Бальмиса охватило чувство вины, когда он сравнил свои отношения с отцом и нынешние отношения с сыном, если вообще их можно было назвать этим словом.
– Ученые занятия и работа требуют такого количества времени, что его уже не остается на личные привязанности, – промолвил он извиняющимся тоном.
Бальмис всегда находил оправдания.
– Ты выбрал для себя жизнь не ради семьи, – с пониманием поддержала его мать, – а ради всего человечества.
И Бальмис рассказал ей о привезенном из Мексики революционном лекарстве и о том, как срочно ему нужно ехать в Мадрид, чтобы представить его кругу влиятельных лиц.
– Мама, я стою на пороге славы.
– Ты всегда об этом мечтал, сынок. У каждого человека своя судьба, я все время твержу об этом Хосефе, чтобы она не слишком страдала в своем одиночестве.
Но Бальмис молчал; он не испытывал сочувствия ни к Хосефе, ни даже к собственному сыну. Его жизнь проходила в мире, не вмещавшем понятий любви и привязанности.

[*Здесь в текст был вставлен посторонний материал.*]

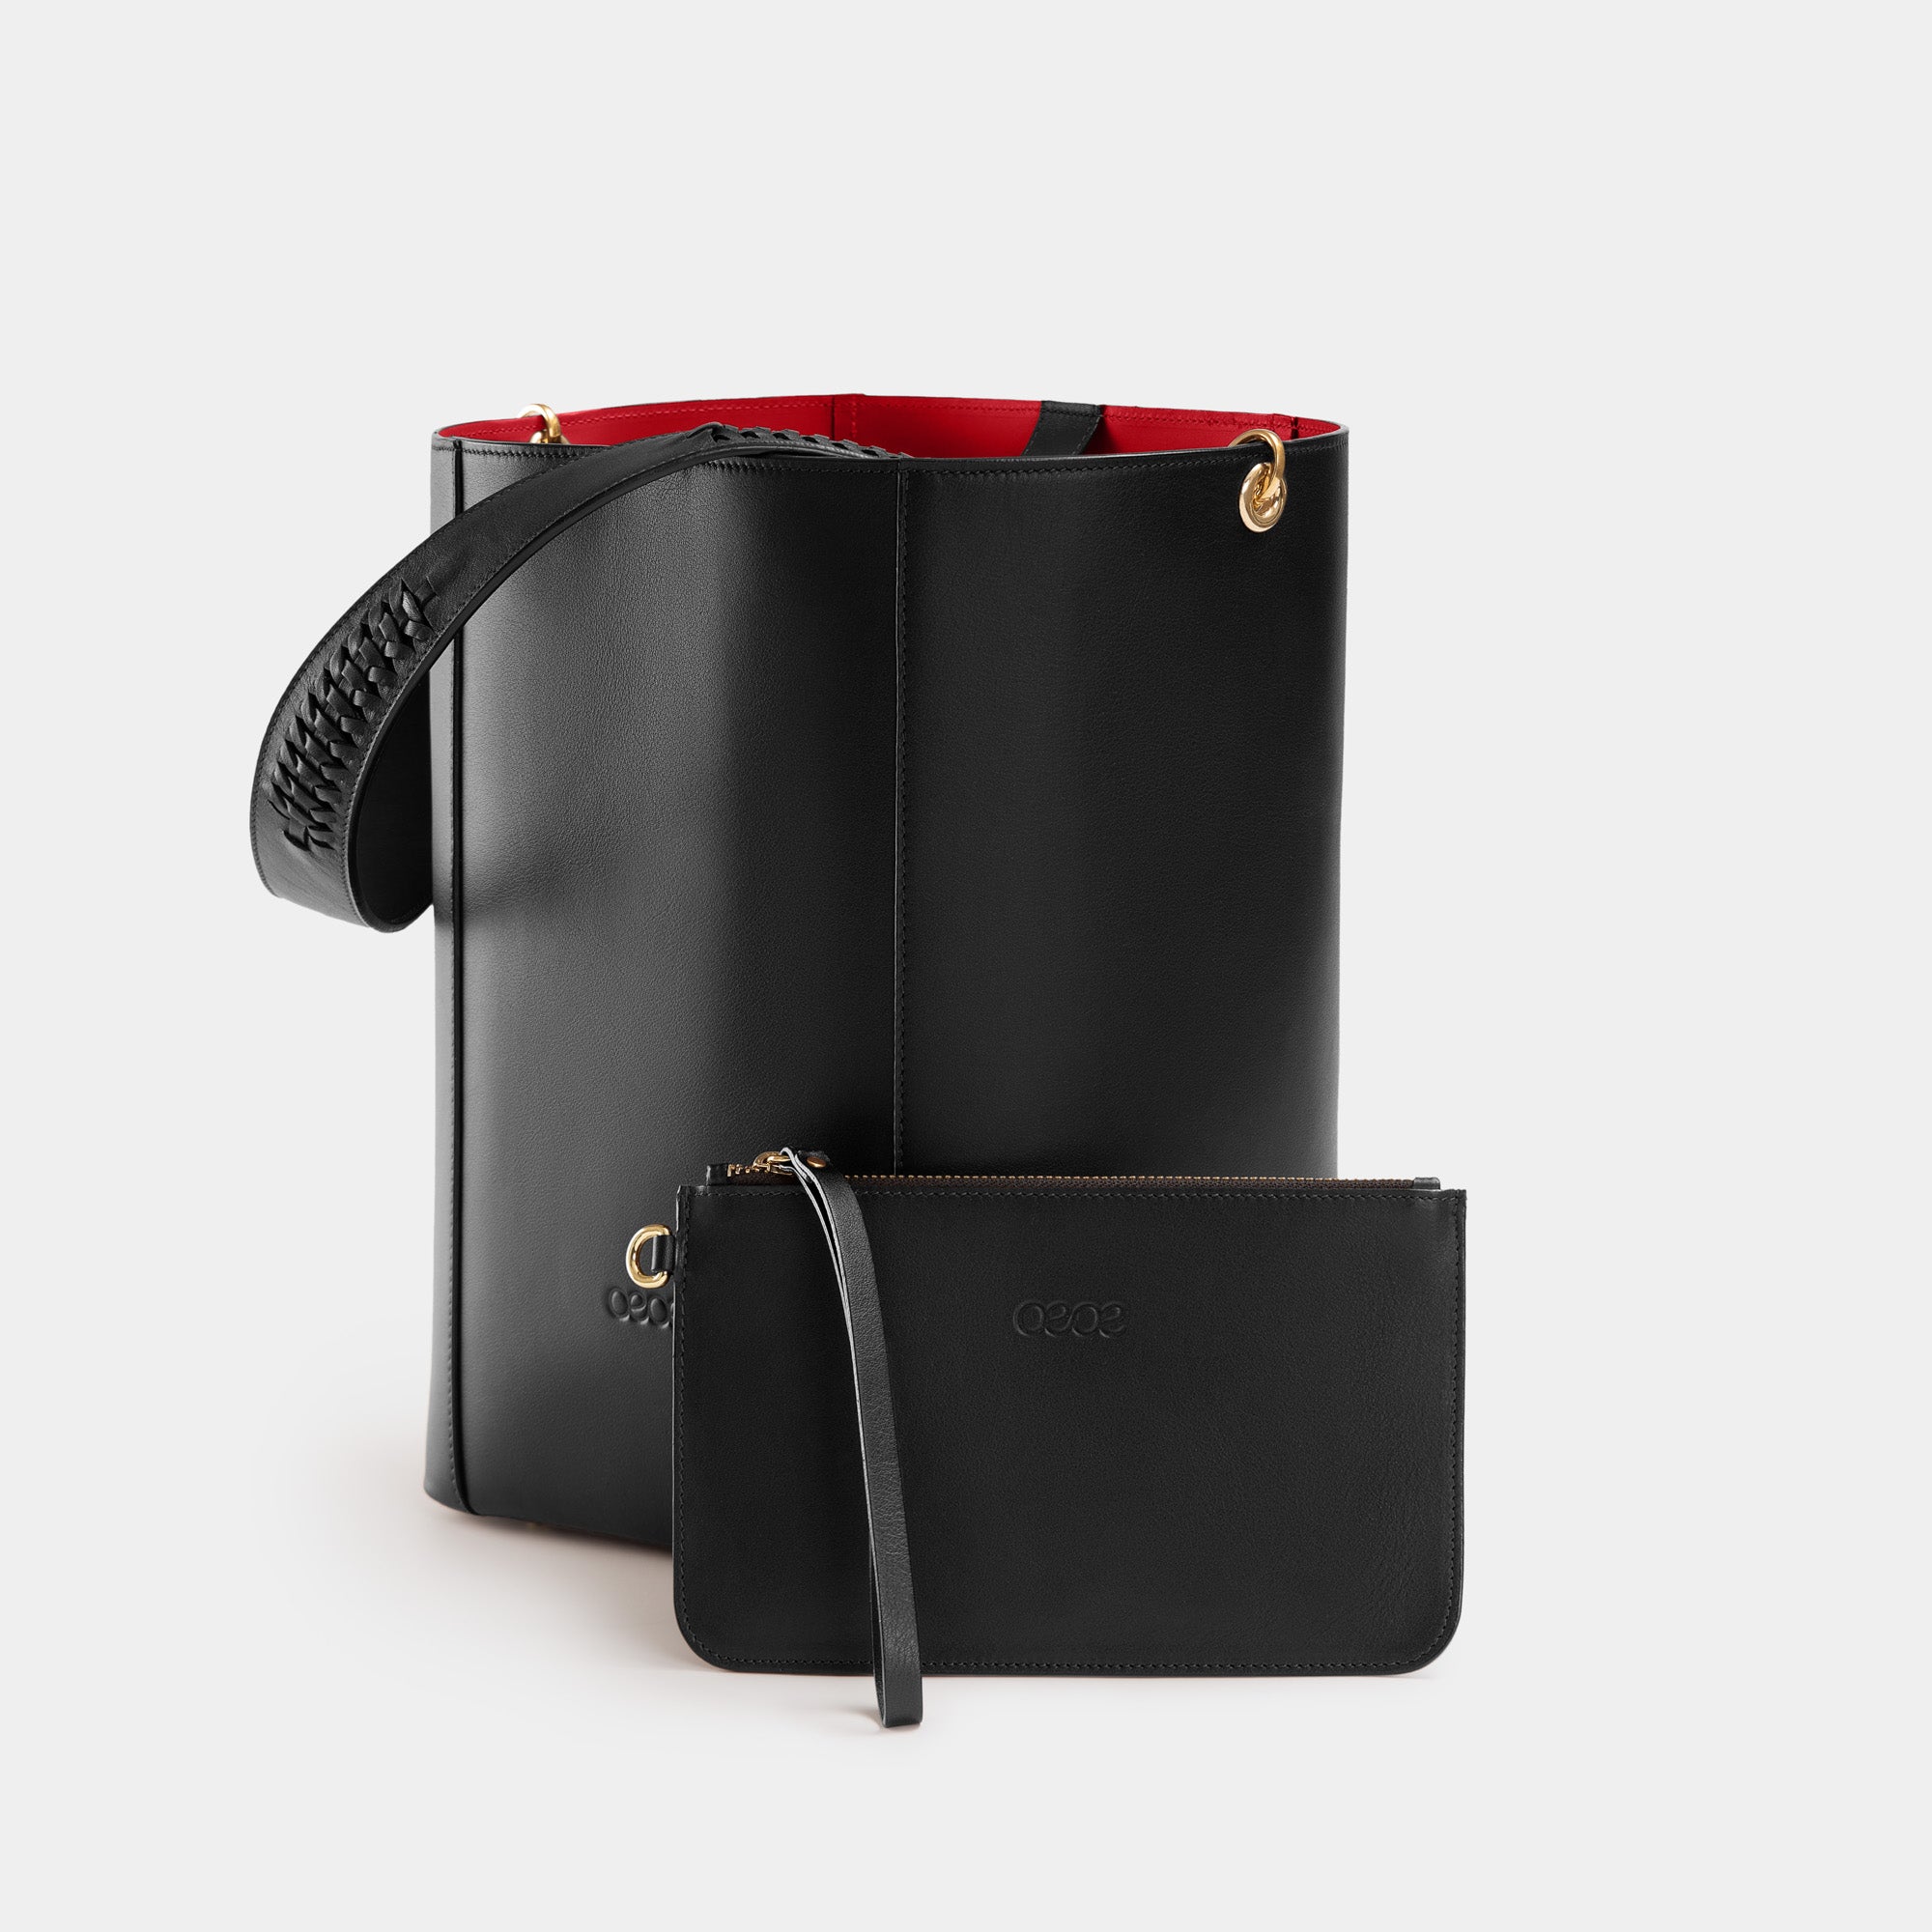 de piel negro - OEOE Handbags

Весной Бальмис обосновался в Мадриде в доме двадцать шесть по улице Монтера. Он возобновил свои эксперименты в больнице Сан-Хуан-де-Диос, под надзором Квалификационной комиссии. Почти сразу же стало ясно, что здешняя обстановка разительно отличается от непринужденной атмосферы госпиталя Сан-Андрес, куда любой индеец мог заявиться с лечебными растениями и встретить серьезный прием и где врача не распинали за допущенную ошибку. Это был Мадрид, столица империи; здесь царили диктат властей и коррупция, все ветшало и приходило в упадок – все, кроме предрассудков, высокомерия и зависти.

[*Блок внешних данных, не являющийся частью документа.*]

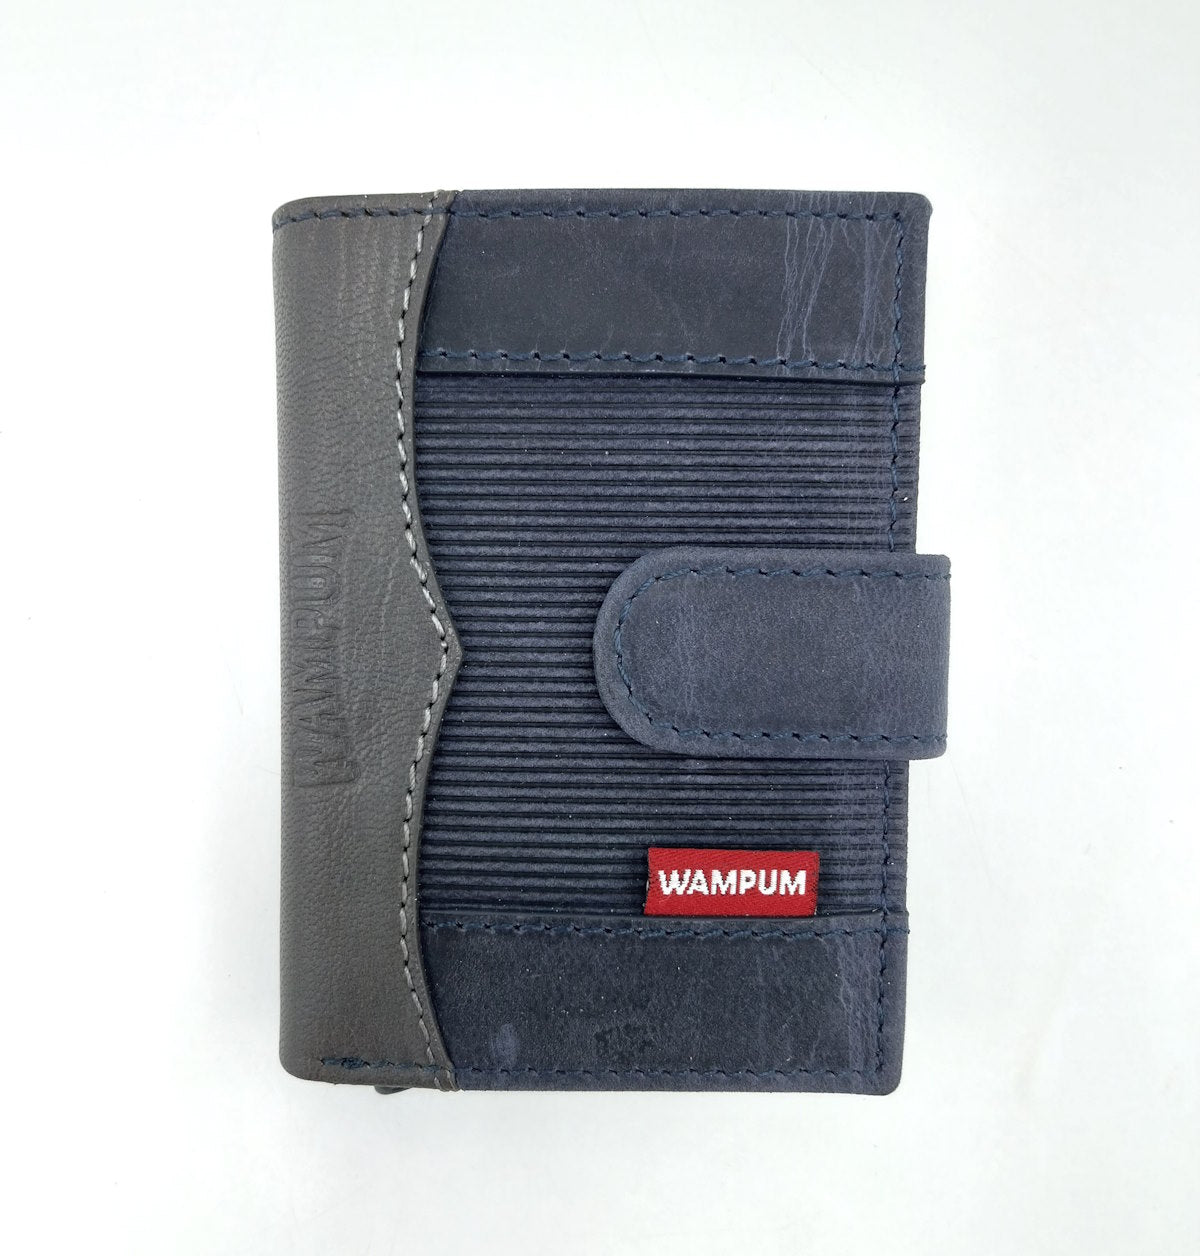 Genuine leather wallet, Wampum, art. pdk401-92

Бальмис, пытавшийся акклиматизировать привезенные магей и бегонию в новом Ботаническом саду, столкнулся со скептическим и откровенно враждебным отношением со стороны докторов из Квалификационной комиссии: еще до начала экспериментов они поставили под сомнение лечебные свойства этих растений. Ход их мыслей можно было обобщить одним вопросом: разве способен хирург, прибывший из Америки, научить чему-то новому столичных медиков? Бальмису пришлось принять горькую истину: даже блестящий послужной список не гарантирует уважения коллег.
В то время как Бальмис уже считал, что вот-вот достигнет вершин профессионального успеха, он внезапно оказался повергнут в пучину непонимания. Враждебно настроенные к нововведениям врачи смешали с грязью его открытие, продолжая упрямо настаивать на том, что единственно возможным средством для лечения галльской болезни остается ртуть.